One thing I should mention is that I am not against 529s per se. Actually, I like them a lot for grandparents, rich uncles, generous family friends and the like. If these people actually think to contribute to your child’s education, by all means let them. It probably means they have the disposable income to do so and I would absolutely not turn them down.
That being said, the point of this article is:
How Best to Fund Your Child’s Education
If you’ve gotten this far, you are at least curious as to where this is going. The fact is that very few people can afford what college will likely cost in the next 10-15 years. I’ve seen a fairly consistent number of 8% inflation on education costs. When I ran a college funding scenario for a friend of mine, we came up with $600,000 as how much a four year education at a top notch institution would cost in 15 years. Look at your own life. How many people do you know who can sock away enough money to have that much money in the next 15 years? One person? Maybe two? The point is that how we fund it and what vehicles we use is infinitely more important than the dollar amount being invested.
There is only one solution in my opinion. That one solution is…Wait for it…
Life Insurance
It seriously bothers me how little value some “experts” give to the amazing uses of cash value life insurance. They think it’s the boogeyman of financial planning almost universally refuse to consider it under almost any circumstance. Here is the rub. Please tell me what is wrong with a product where you can pour unlimited amount of funds in to, will grow tax deferred, and upon need, the money (both the principal and growth) may be accessed tax free. Oh, it also doesn’t matter how much you make since everyone is eligible. The Roth IRA? Nope, there is a hard limit and eligibility requirement and it can only be accessed upon reaching the age of 59 1/2. Brokerage account? I don’t think so! Where is the tax deferral? What about capital gains? Savings account? Same problem as brokerage. Taxes are due on the interest.
This is definitely “outside the box” stuff, so digest this. Really think about it before you thumb your noses. The main objection I hear most is the expense. It comes in different forms: it’s too expensive, there are too many expenses, expenses are too high, buy term and invest the difference, etc.
I don’t get it. Why are people so afraid of expenses?
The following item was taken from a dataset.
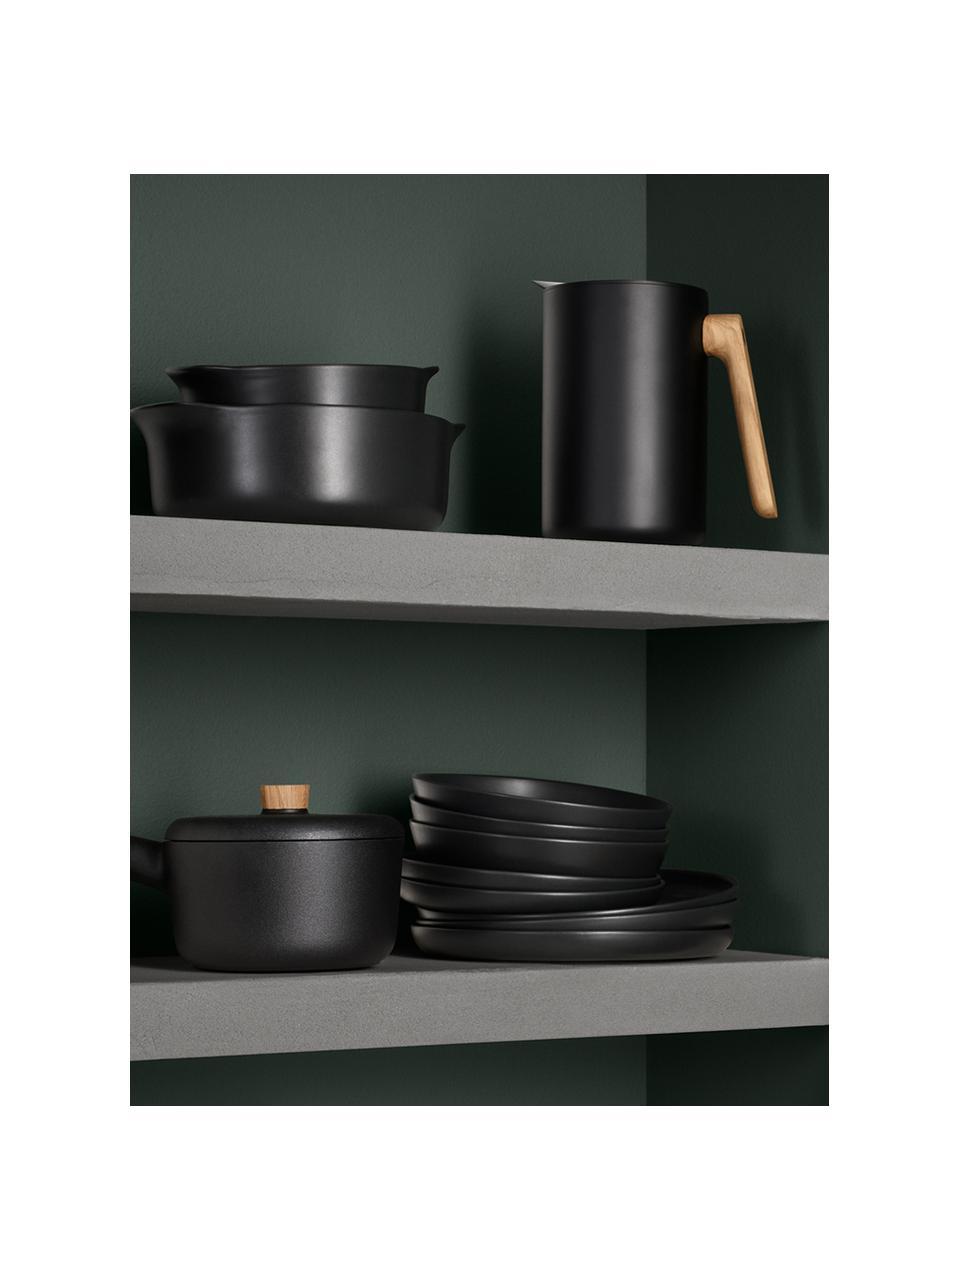 Speiseteller Nordic Kitchen in Schwarz matt, 4 Stück, Steingut, Schwarz, matt, Ø 25 cm

My old boss loved using an analogy of a candy bar. When you buy a candy bar, you also get a wrapper. Part of the money you pay goes towards the making of the wrapper. You don’t care what the wrapper looks like. You just want the candy bar inside. This is exactly the same thing. You want the tax deferral. You want the tax free growth. You want the flexibility to do use the money towards education, since that’s the ultimate goal, but at the same time to use the money elsewhere should education funding not be necessary. Life insurance is the only vehicle available that gives you everything you could possibly want in a plan, with the small price being added expenses in the form of “cost of insurance” charges.
It doesn’t really matter what time of life insurance you choose to use. I will detail the various permanent life insurance options in the next post or two, but the basic choice is conservative growth (whole life or universal life) or aggressive, market based growth (variable). I am a believer in being more aggressive the less time you have to fund education and more conservative if you’re starting at a young age. Either way is fine, so long as you are willing to keep funding the program. I guess that is the one other negative. You have to fund the policy on a regular basis, whether that’s once a month or once a year. A 529 or brokerage account can be funded at your leisure and on your time frame.
As I wrap this up, I wanted to illustrate one example and show the dual use that exists in the product. I will use a one year old boy as our insured for a conservative whole life policy. If the parents deposit $500 per month for ten years, they will have deposited $60,000 by the age of 11. The policy at this point will be completely paid up. The child will never have to put in another dime. At the age of 18, there will be $100,000 in the child’s account. If your child must wait until he’s 55 to touch the money, that $60,000 investment will yield over $1,000,000 dollars tax free. If he waits even longer, say age 65, how does $1,800,000 sound?
I will dig deep in to the “buy term and invest the difference” fallacy at a later date, but I want to mention something about it here. First, you can’t buy term on a one year old. But, if we wrote the same ten year pay policy on a 30 year old parent and assumed a pre-tax portfolio growth of 7%, buying term and investing difference would do well in the early years, but just about the time the 30 year old is retiring, the investing the difference would get creamed. At age 73, the whole life policy would outperform the other strategy by over $100,000. It also assumes that you will invest the difference each month which is a huge assumption.